Ini sebuah jebakan, yang tampaknya tidak diketahui oleh siapa pun di antara para petugas Dewan Peradilan Kerajaan itu, ketika mereka yang telah berada di atas tembok berlompatan turun dan merangsek Anggrek Putih untuk meringkusnya. Para padri pengawal yang siap tempur itu tidak bergerak, karena padri kepala memberi tanda untuk jangan menyentuh mereka. Namun sepuluh petugas langsung bergelimpangan akibat totokan.

Padahal Anggrek Putih masih saja mengalir bersama tai chi dalam kebisutuliannya sendiri. Tenang, begitu tenang, bagaikan tiada lagi yang lebih tenang, Anggrek Putih mengalir bersama tai chi dengan ketenangan yang begitu meyakinkan, sehingga bagaikan bumi yang tampak bergerak. Jika dialah yang sebetulnya telah menotok sepuluh petugas itu, bagaimanakah cara melakukannya?

"Kurang ajar!"

Pemimpin para petugas Dewan Peradilan Kerajaan itu terlihat seperti akan memberi tanda untuk menyerang lagi, tetapi padri kepala segera mengangkat tangannya.

"Tahan!"

Maka tiada serangan lagi.

"Saudaraku tahu serangan berikutnya juga hanya akan membuat mereka bergelimpangan," kata padri kepala.

"Tidak jika dengan ini," kata pemimpin penangkapan tersebut.

Rupanya para petugas Dewan Peradilan Kerajaan itu membawa sandera. Dua petugas maju membawa seorang ibu paro baya ke depan dan memasuki gerbang petak itu. Rupa-rupanya itulah ibu paro baya yang serumah dengan Anggrek Putih ketika masih tinggal di rumah kediaman resmi Harimau Perang sebagai kepala mata-mata Negeri Atap Langit. Ibu paro baya ini adalah satu-satunya orang yang diketahui sebagai akrab dengan Anggrek Putih, dan terutama dapat saling mengerti dengan Anggrek Putih karena seperti memiliki bahasa mereka sendiri.

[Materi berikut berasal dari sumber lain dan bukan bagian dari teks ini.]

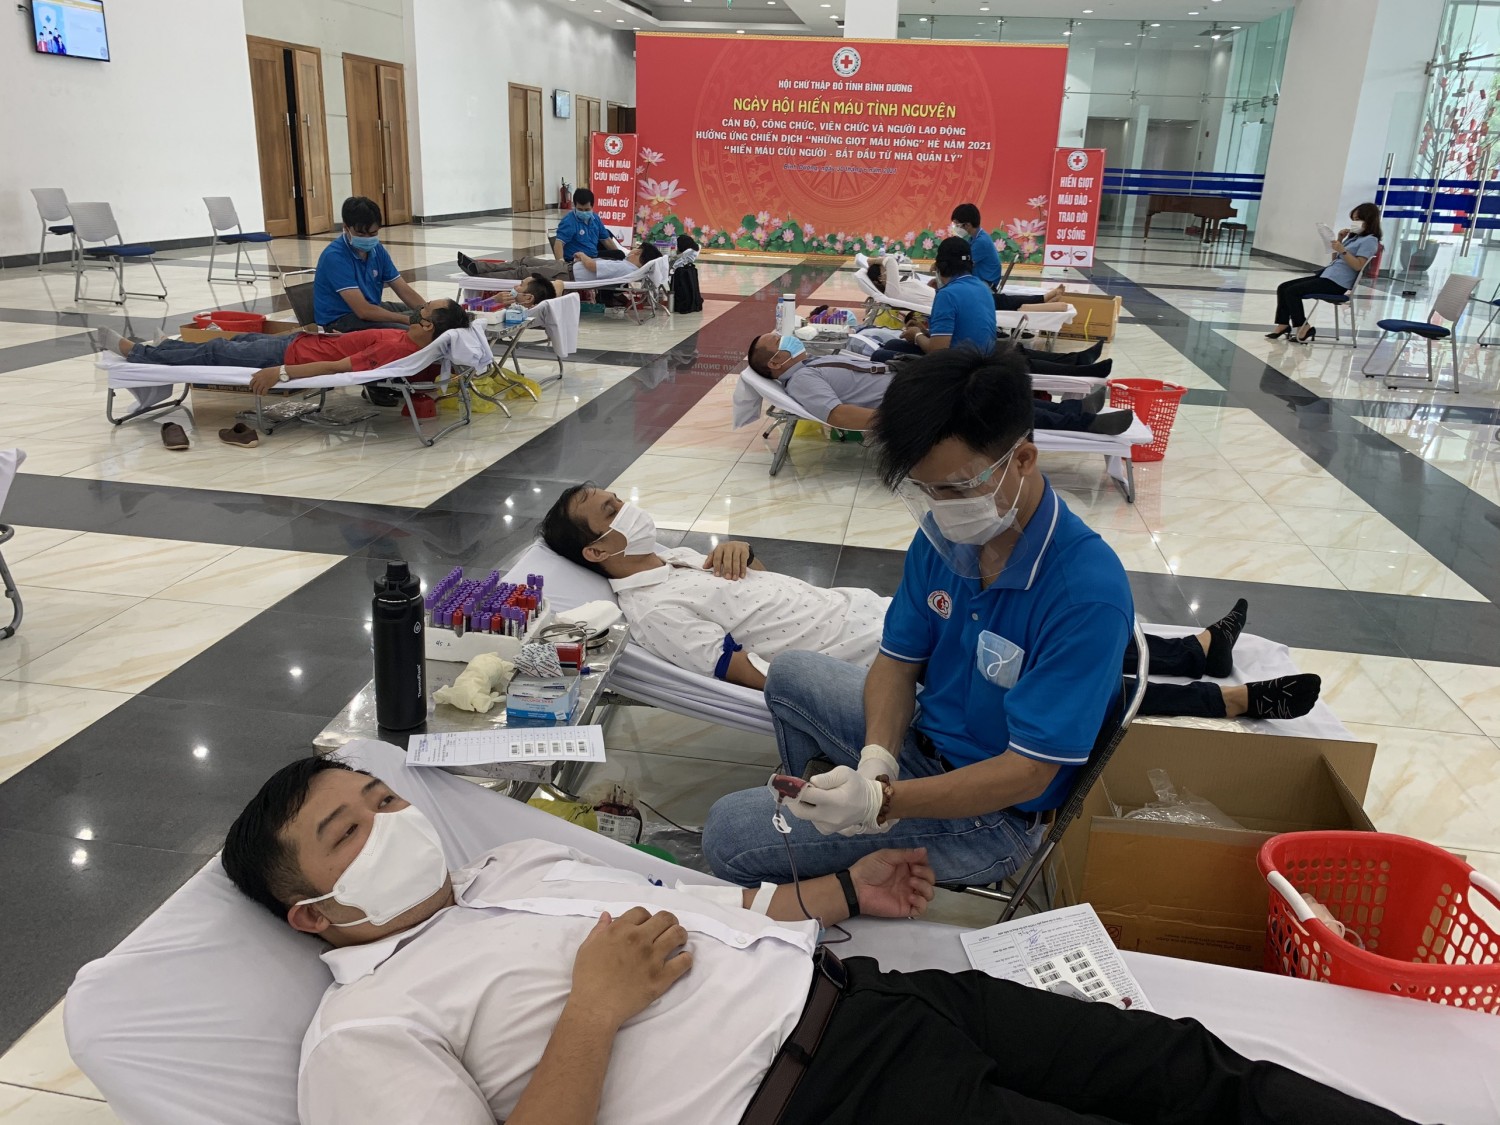 3 Quang cảnh ngày hội hiến máu tình nguyện

Ibu paro baya itu dibawa ke depan, dua petugas Dewan Peradilan Kerajaan di samping kiri dan kanan menghunus pedang, dan menempelkannya di depan dan belakang lehernya, seperti siap memenggalnya.

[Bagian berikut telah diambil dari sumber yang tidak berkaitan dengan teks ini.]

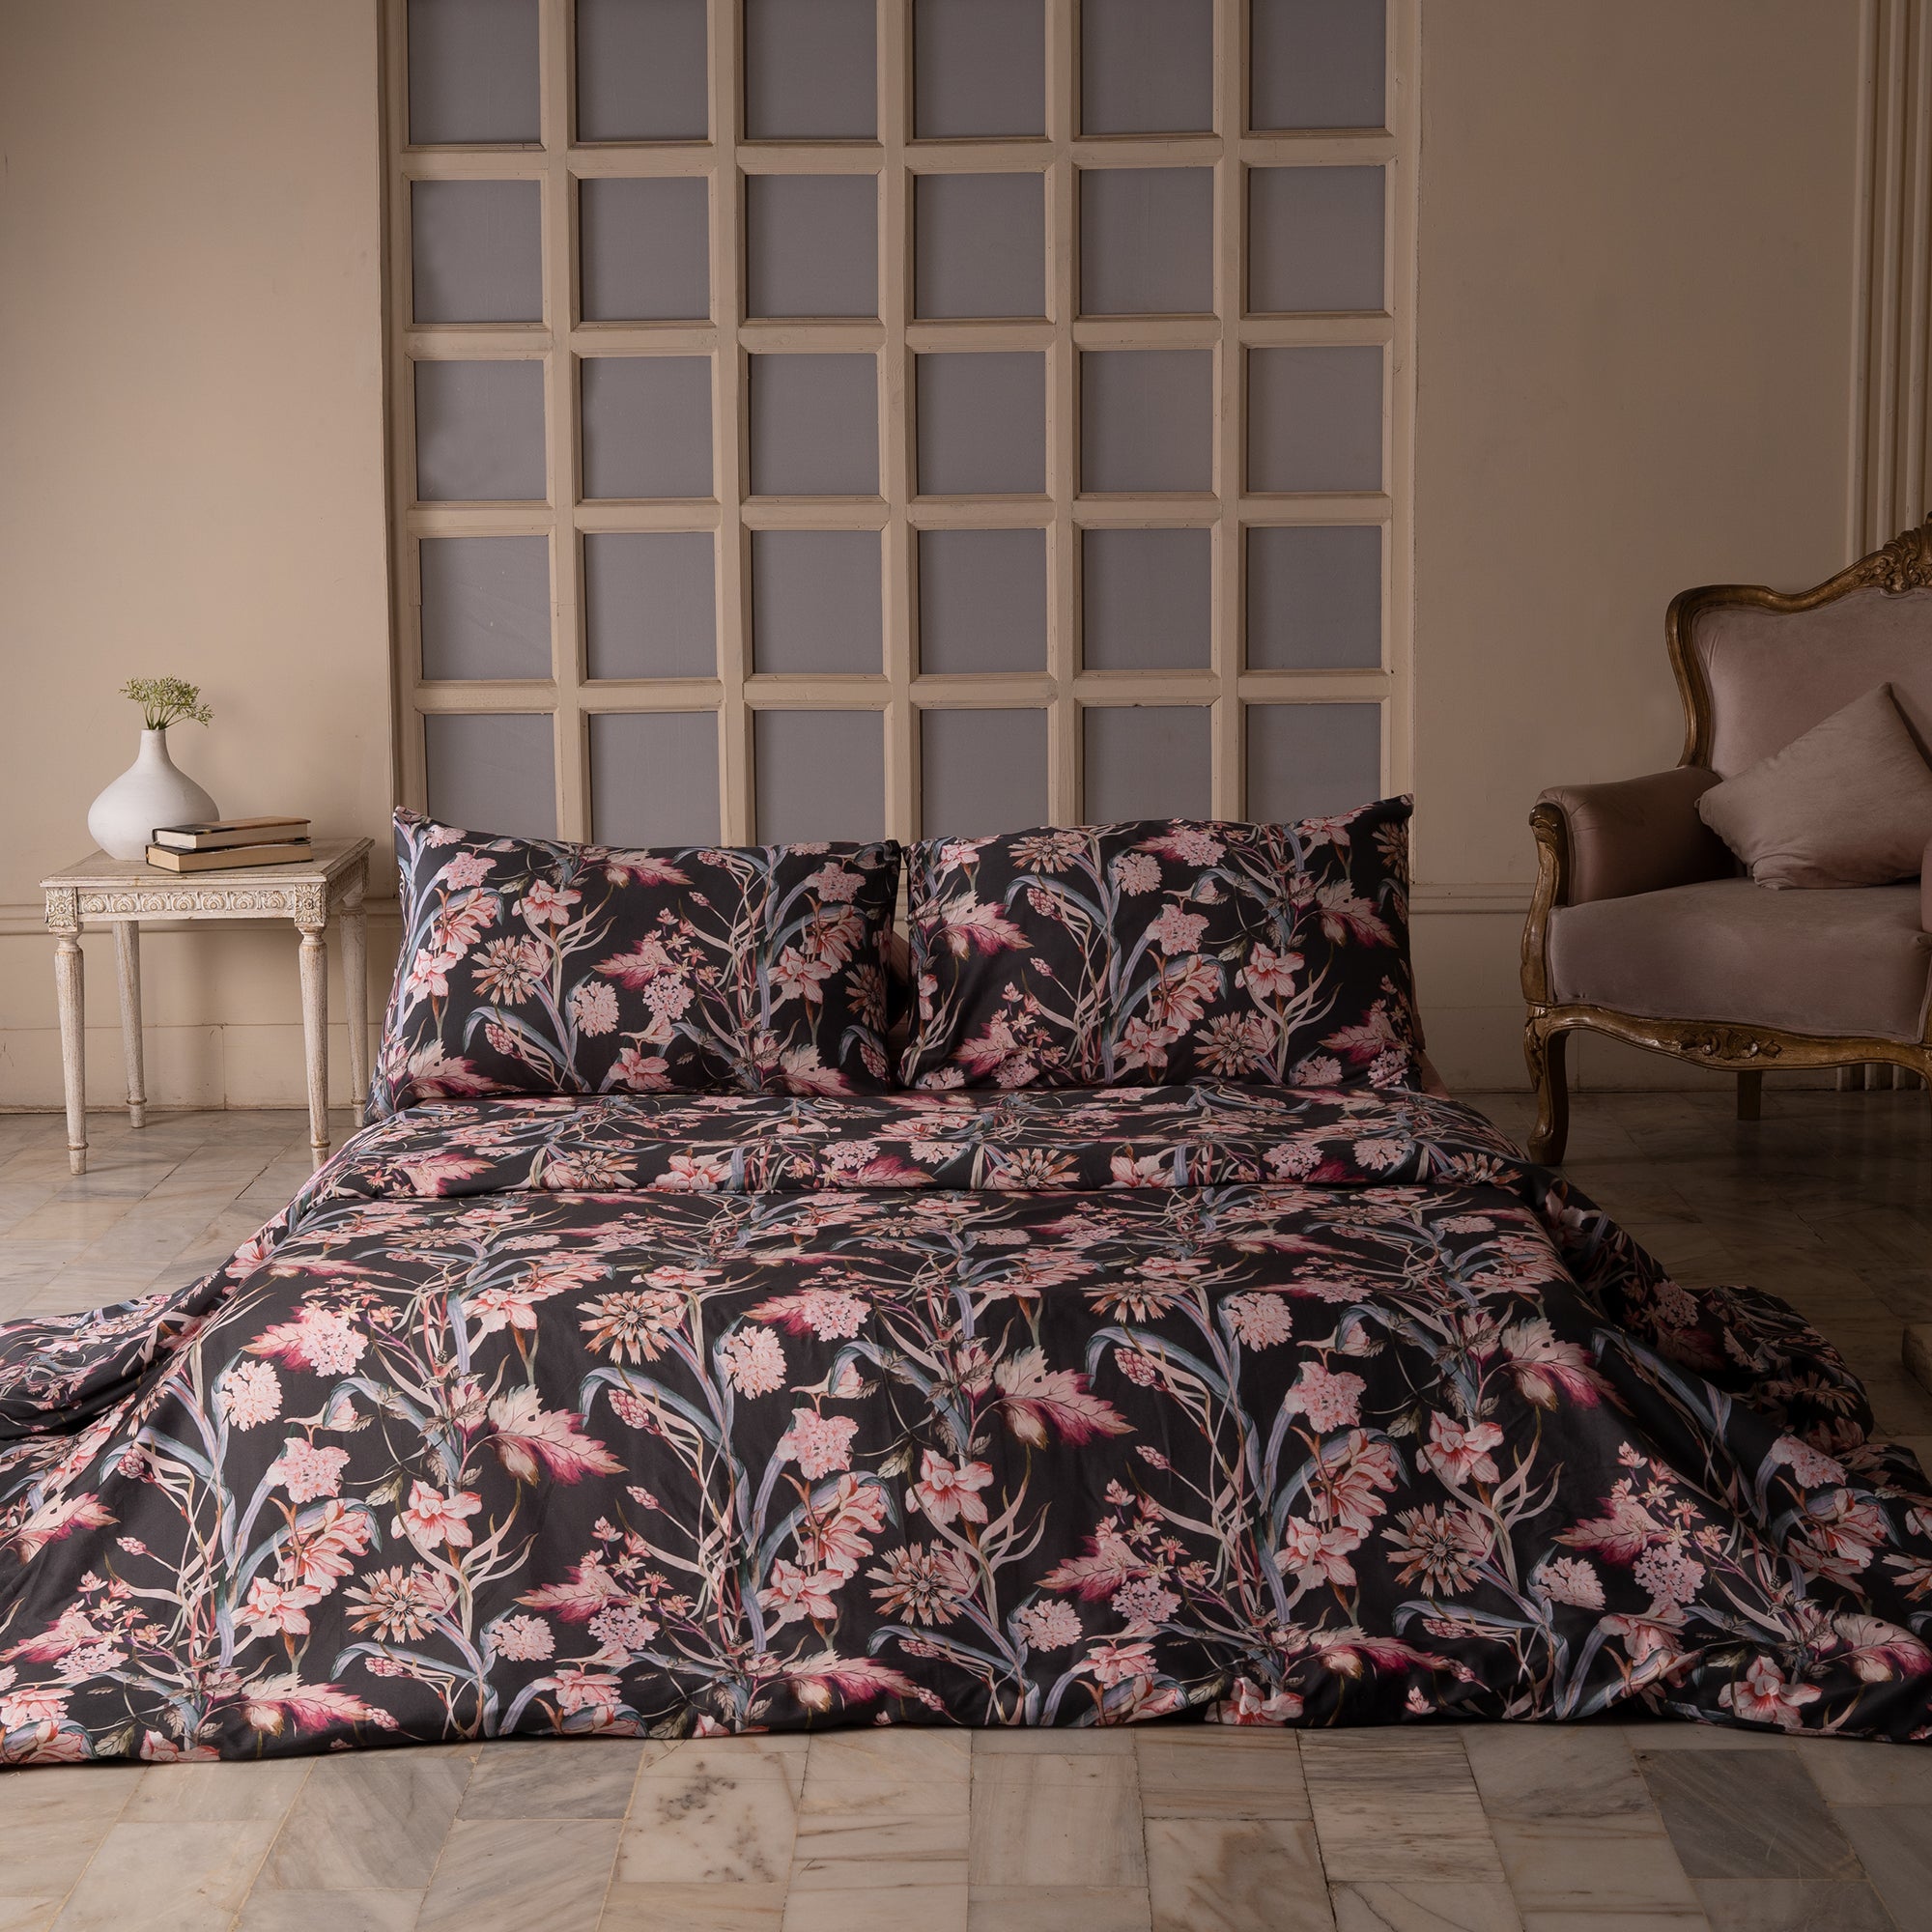 The Linen Company Bedding Wonderland Duvet Cover Set

Anggrek Putih masih meneruskan aliran gerak tai chi, tetapi kali ini mulutnya mengeluarkan suara seperti suara geraman dengan nada naik turun yang dapat ditafsirkan seperti sedang berbicara. Ibu paro baya itu pun menerjemahkan maksudnya.

"Anggrek Putih menyatakan dirinya bersedia menyerah, tetapi dia bermaksud menyerahkan diri hanya setelah menyelesaikan jurus tai chi terakhir. Jika tidak dirinya lebih baik melawan, katanya."

Para padri lain penghuni kuil Muhu itu sudah bangun semua, begitu pula para penghuni kuil Kaum Dao dan wihara Buddha yang berada di petak yang sama. Para penghuni petak-petak lain mungkin akan berdatangan pula, karena ingin tahu terdapat kejadian apa dan peristiwa ini akan segera menjadi tontonan semua orang.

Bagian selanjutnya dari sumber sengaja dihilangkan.